I've had dogs growing up and never had a problem. Our little Gibson, a 12 week old yorkie/maltese, is apparently hypo-allergenic. We hung out with him a few times at our friends before taking him, and I didn't have any reaction. 

Someone mentioned there are wipes and/or shampoo that I can get that will help with this. Any suggestions? I'm hoping it's just something he got into, but am willing to try whatever it might need.

Thanks,

Chris/Gibson


----------



## skelaki (Nov 9, 2006)

First, try giving him a bath using a puppy shampoo that has no fragrances you might be allergic to. Since you had no problems when visiting the pup it's possible some product was used on the coat that you're allergic to.

If that doesn't work, ask your vet to recommend a shampoo and double check it with your allergist.


----------



## doggone6 (Sep 7, 2007)

I have allergies, and the whole pet allergy trip makes me crazy.

I've been allergic (severely...as in "go to the ER" allergic) to cats since I can remember, although I've met a couple of cats I WASN'T allergic to in my lifetime. I've never been allergic to dogs, but every so often I meet a dog I'm horribly allergic to (as in asthma attack, swollen eyes, and hives). There doesn't seem to be any rhyme or reason to any of it. Of course, I'm allergic to Almay cosmetics so maybe I'm just weird.
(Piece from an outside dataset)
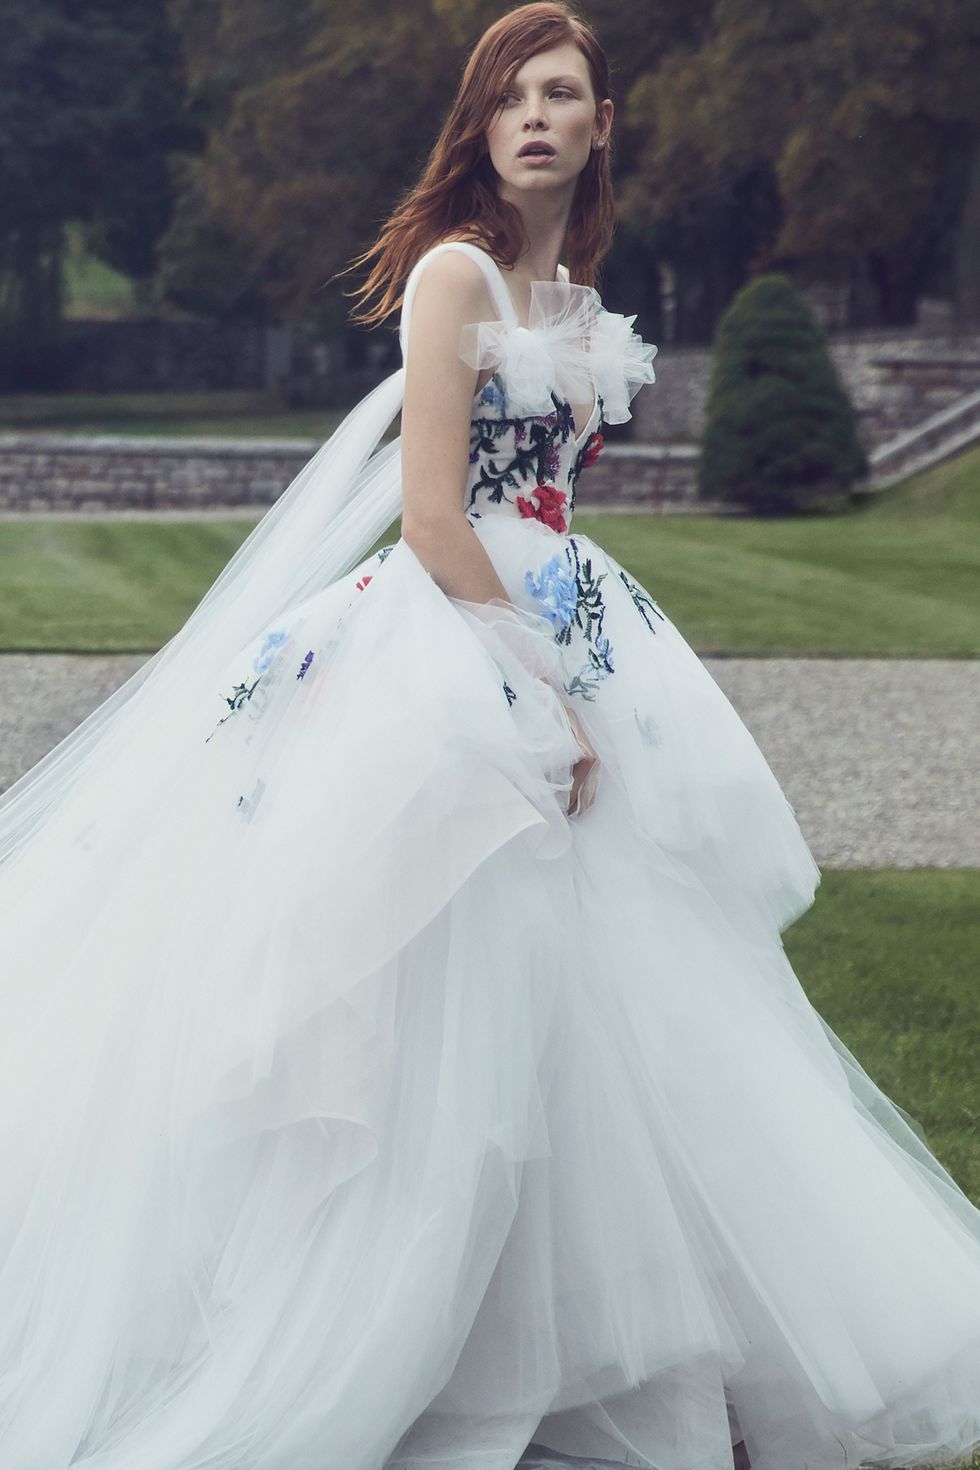 https://hips.hearstapps.com/hmg-prod/images/00007-monique-lhuilier-fall-2019-bridal-1539104325.jpg?crop=1xw:1xh;center,top&resize=980:*
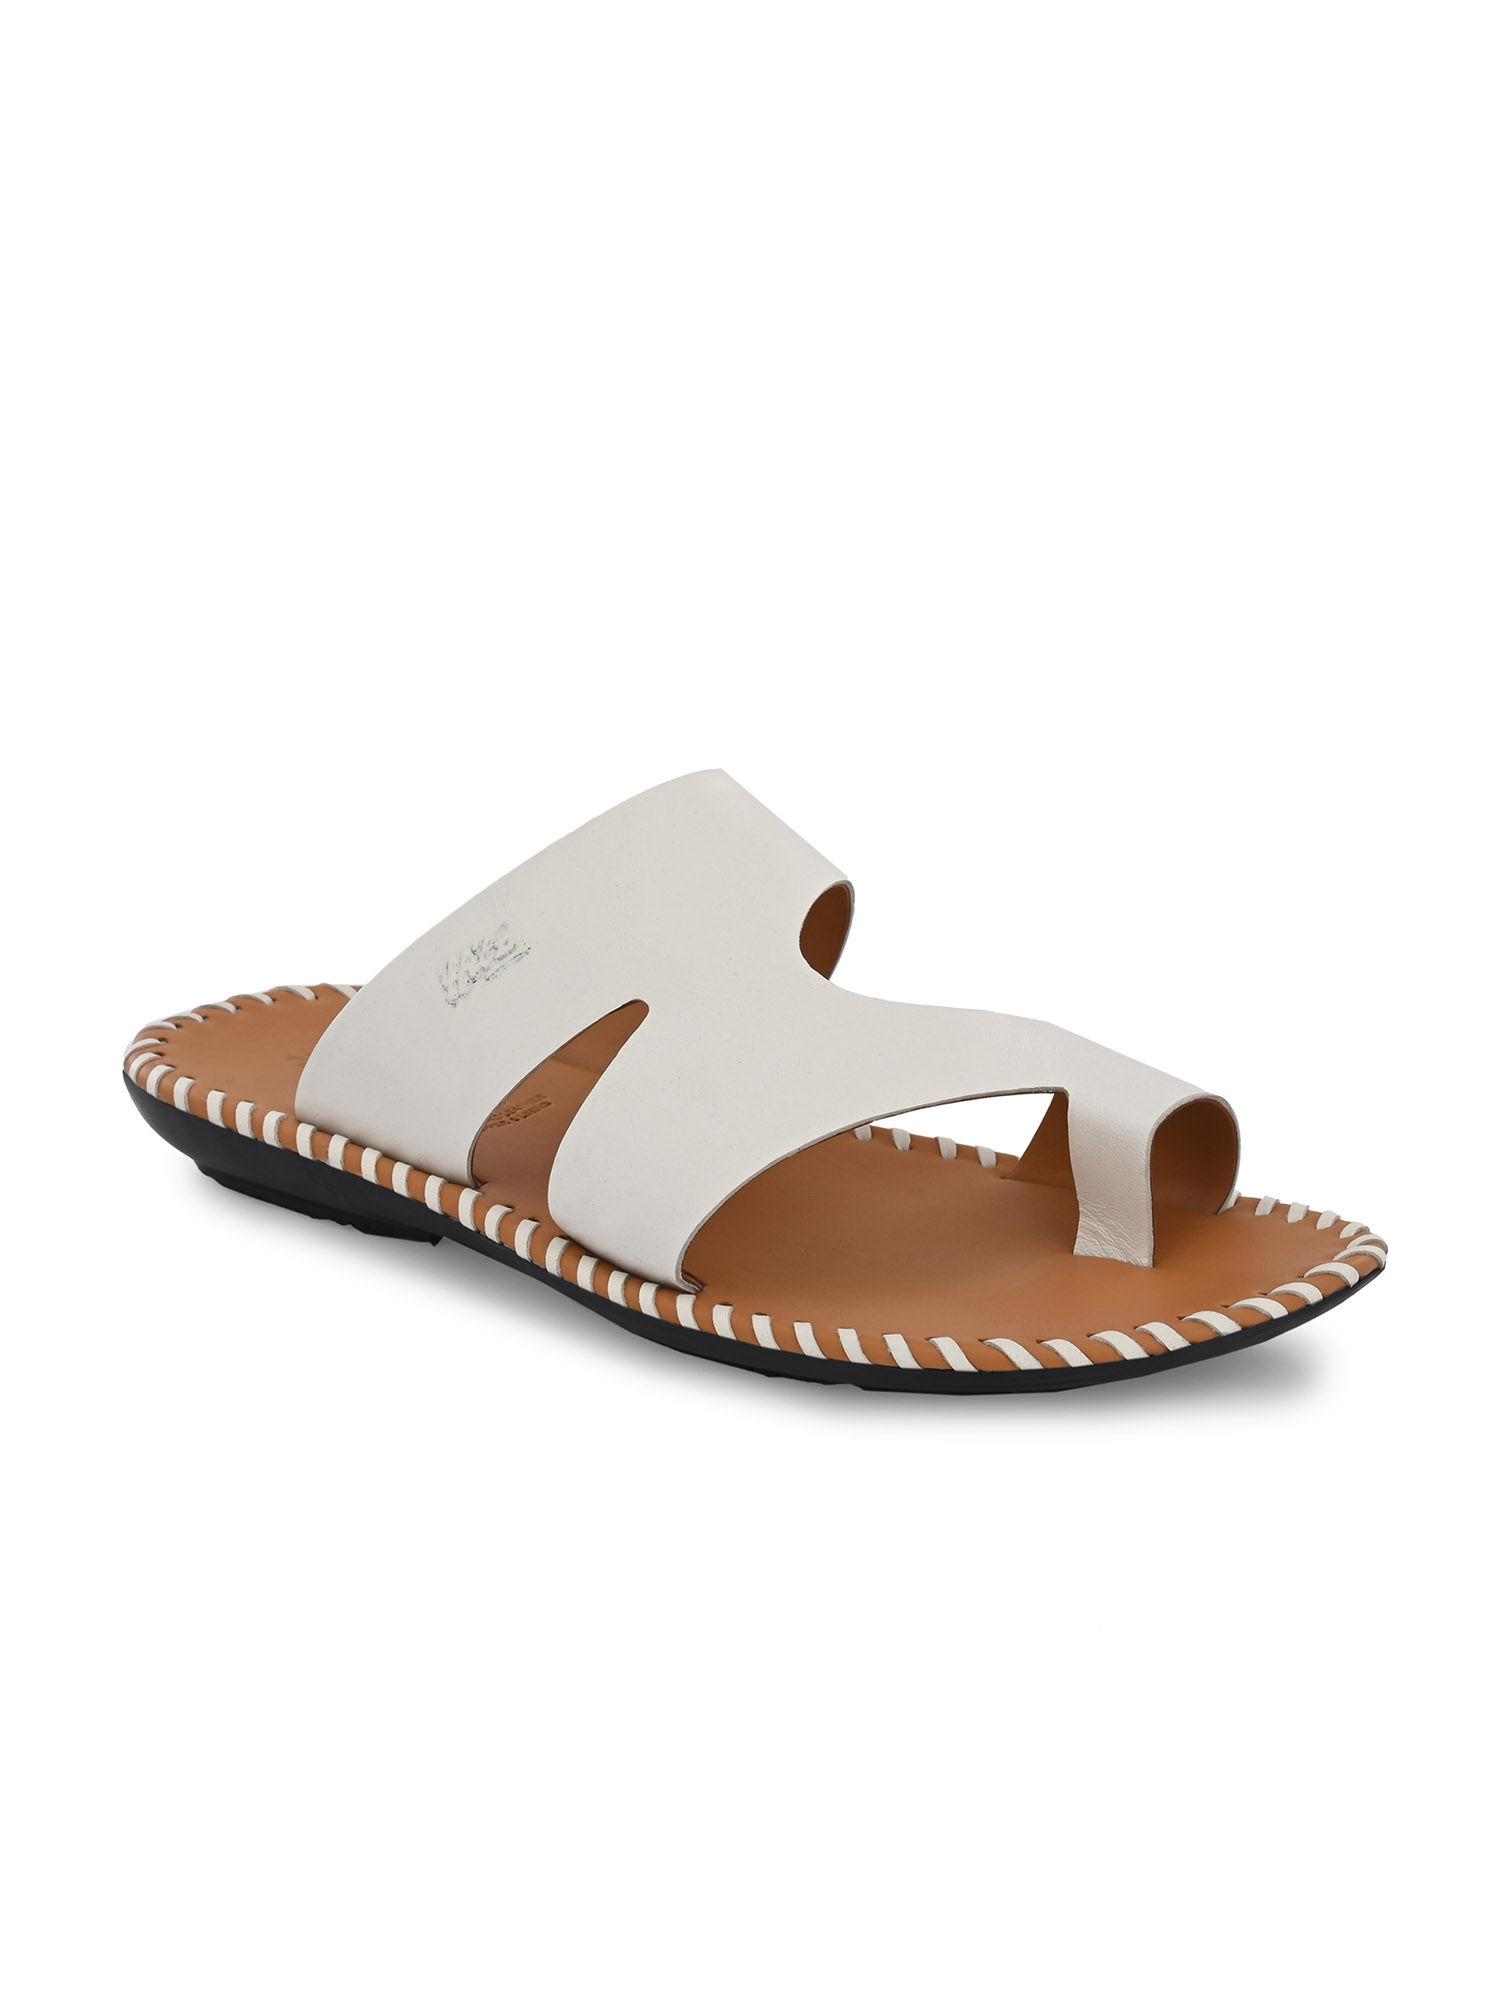 men's white leather casual toe-ring slippers

I would try bathing your puppy with a hypo-allergenic shampoo, then see what happens. It's entirely possible the pup was bathed or sprayed with something that set your allergies off just before you picked him up. Those wipes you spoke of seem to work for some people, but they set off my allergies the second I opened the package when I tried them for a friend's cat.

Good luck!


----------